Reform des Vormundschaftsrechts: Was ändert sich für Familienunternehmen?
Die Übertragung von Anteilen an Familienunternehmen auf minderjährige Kinder ist eine beliebte Strategie zur Nachfolge- und Steuerplanung. Doch diese Praxis ist mit erheblicher Rechtsunsicherheit verbunden. Die geplante Reform des Vormundschafts- und Betreuungsrechts, die am 1. Januar 2023 in Kraft treten soll, wird in diesem Bereich einige wichtige Änderungen mit sich bringen. Der nachfolgende Beitrag gibt einen Überblick über die Herausforderungen und Neuerungen.
Vertretung des Minderjährigen: Wann ein Ergänzungspfleger nötig ist
Minderjährige werden grundsätzlich von ihren Eltern vertreten. Eine Vertretung durch die Eltern ist jedoch ausgeschlossen, wenn ein Interessenkonflikt besteht, beispielsweise, wenn die Eltern selbst an dem Rechtsgeschäft beteiligt sind. In diesem Fall muss ein Ergänzungspfleger bestellt werden, der das Kind vertritt.
- Derzeitige Rechtslage: Die Frage, ob ein Ergänzungspfleger erforderlich ist, ist besonders komplex. Zwar nimmt die herrschende Meinung eine teleologische Reduktion des Vertretungsverbots an, wenn das Geschäft für den Minderjährigen lediglich rechtlich vorteilhaft ist. Die Abtretung eines GmbH-Geschäftsanteils oder eines Kommanditanteils wird jedoch häufig als rechtlich nachteilhaft eingestuft, da sie mit Rechten und Pflichten verbunden ist.

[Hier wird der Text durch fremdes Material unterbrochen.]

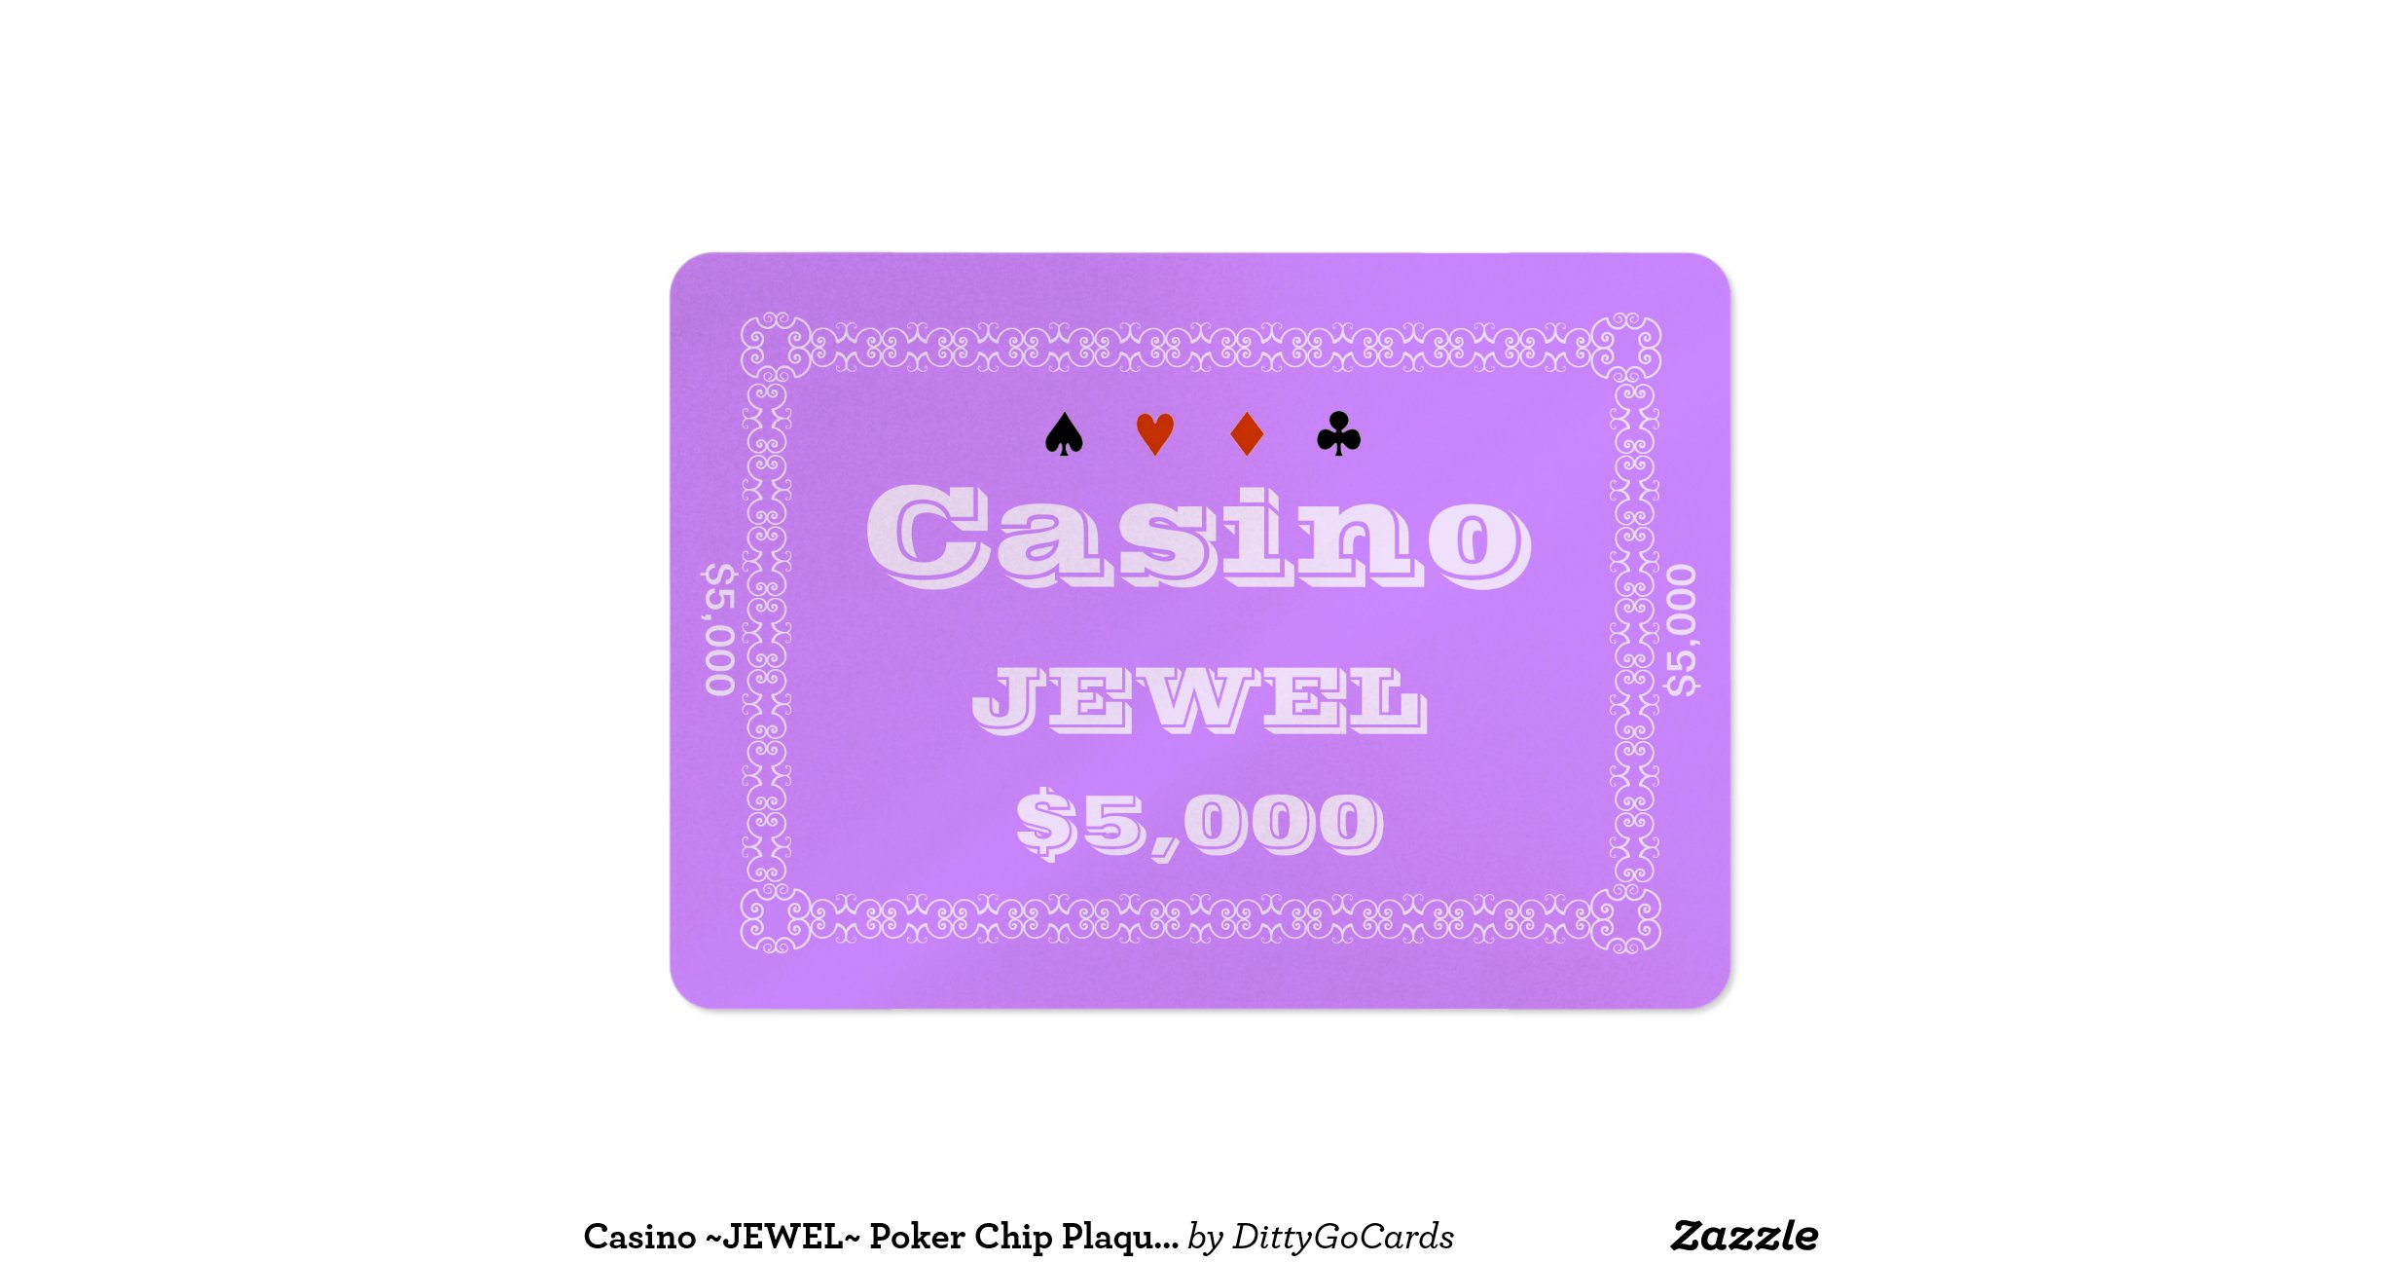 Casino chip manufacturers 16

- Auswirkungen der Reform: Auch wenn die Reform die rechtliche Grundlage ändert, bleibt die Notwendigkeit, einen Ergänzungspfleger zu bestellen, in vielen Fällen bestehen. Die neuen Regelungen sollen jedoch die Abgrenzung klarer gestalten.
Gerichtliche Genehmigung: Der neue Katalog der genehmigungsbedürftigen Rechtsgeschäfte
Bisher war die gerichtliche Genehmigung für die Beteiligung Minderjähriger an Unternehmen nicht immer klar geregelt. Mit der Reform werden die Vorschriften jedoch grundlegend überarbeitet:
- Übertragung von Anteilen: Die Übertragung von Gesellschaftsanteilen soll zukünftig generell genehmigungsbedürftig sein (§1852 Nr. 1 Buchst. b BGB n.F.). Dies bedeutet eine erhebliche Änderung für die Schenkung von GmbH-Anteilen, die bisher oft als genehmigungsfrei galt.
- Haftungsregelungen: Die mit einer Beteiligung verbundenen gesetzlichen Nebenfolgen, wie eine persönliche Haftung, sollen künftig nicht mehr unter das Genehmigungserfordernis fallen (§1854 Nr. 4 BGB n.F.). Dies schafft mehr Klarheit und führt dazu, dass die Haftungsverhältnisse bei Gründung und Anteilsübertragung in Zukunft weniger relevant für die Genehmigungsfrage sein werden.
Vorgehensweise und Praxis-Hinweise
Angesichts der komplexen Rechtslage empfiehlt sich in Zweifelsfällen die vorsorgliche Einholung einer Genehmigung. Ein sogenanntes Negativattest, das die Genehmigungsfreiheit bestätigt, bietet keine ausreichende Sicherheit. Es ist auch ratsam, einen Ergänzungspfleger zu bestellen, wenn die Vertretungsbefugnis der Eltern in Frage steht.
Die Reform wird die Beteiligung Minderjähriger an Familienunternehmen vereinfachen, indem sie die gesetzlichen Voraussetzungen klarer definiert. Dennoch bleibt eine sorgfältige Planung und professionelle Beratung unerlässlich, um die steuerlichen Vorteile zu sichern und rechtliche Fallstricke zu vermeiden.
Quellenangabe:
Dr. Rüdiger Werner, "Folgen der Reform des Vormundschafts- und Betreuungsrechts für die Beteiligung von Minderjährigen an Familienunternehmen", ZEV 2021, 618 ff.§§ 1629, 1795, 181 ,1909 BGB; §§ 1852, 1854 BGB n.F.. §§ 24, 31 Abs. 3 GmbHG; §§ 128, 130, 176 Abs. 2 HGB.